Anyone in a consumer-facing business knows that any given day or week will deliver results which are driven by a complex mix of factors. This last few weeks have been a live example of that, as illustrated by this tale of two tweets:
What’s happened? A long period of hot dry weather has delivered in spades for some types of retailer (those desperate to get you to finally buy summer clothes, for example) and worked against those who want you to spend instead on boring house-based projects.
But underneath all this weather-related variation, every retailer at the moment is trying to process a much more complicated analysis - what is really happening to the UK consumer in this incredibly challenging economy. When is the cost of living crisis going to become really visible in shopping baskets which have, if we are honest, probably held up better than everyone expected coming out of Covid and through Ukraine and Truss?

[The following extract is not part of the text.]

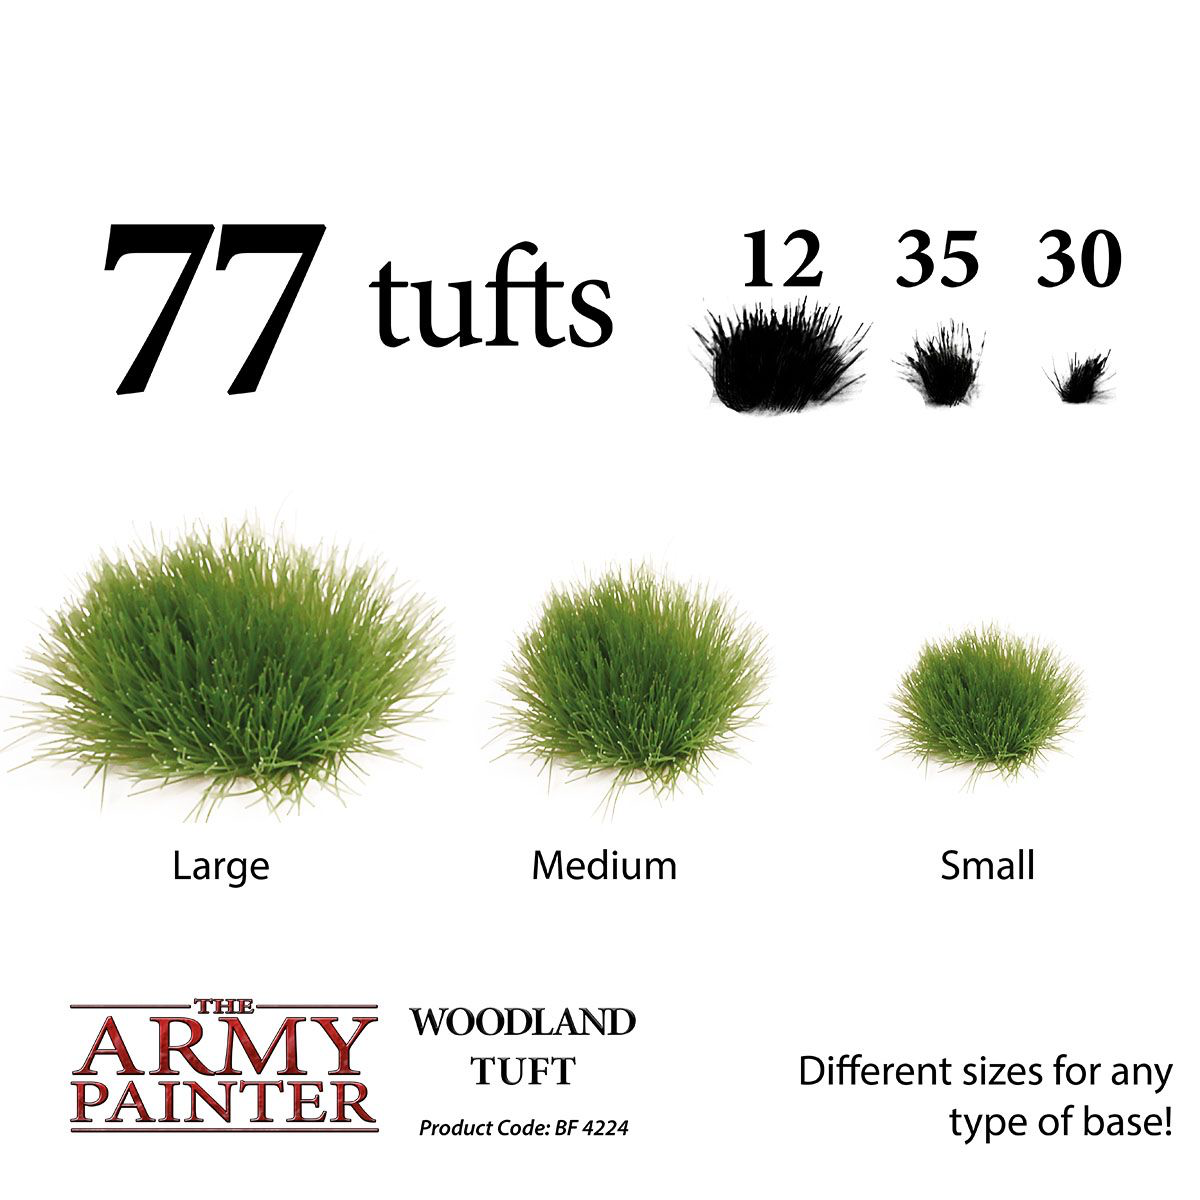 The Army Painter - Woodland Tufts

There is a sense that many retailers I speak to have that Covid created something of a 2-tier consumer society - some people were hit really hard financially and have all but disappeared from discretionary spending, whilst others fared much better and even increased their savings as a result of not going out or on holiday. It is, the argument goes, that second group who have kept retail tills ticking over.
You’ll have your own views on the political acceptability of that widening wealth disparity, but whatever you think about that, it also creates a pressing question for us as business leaders - when might that ‘fortunate’ group who did well from Covid run out of money or get pulled back by economic headwinds? The answer, I suspect, will come from mortgages.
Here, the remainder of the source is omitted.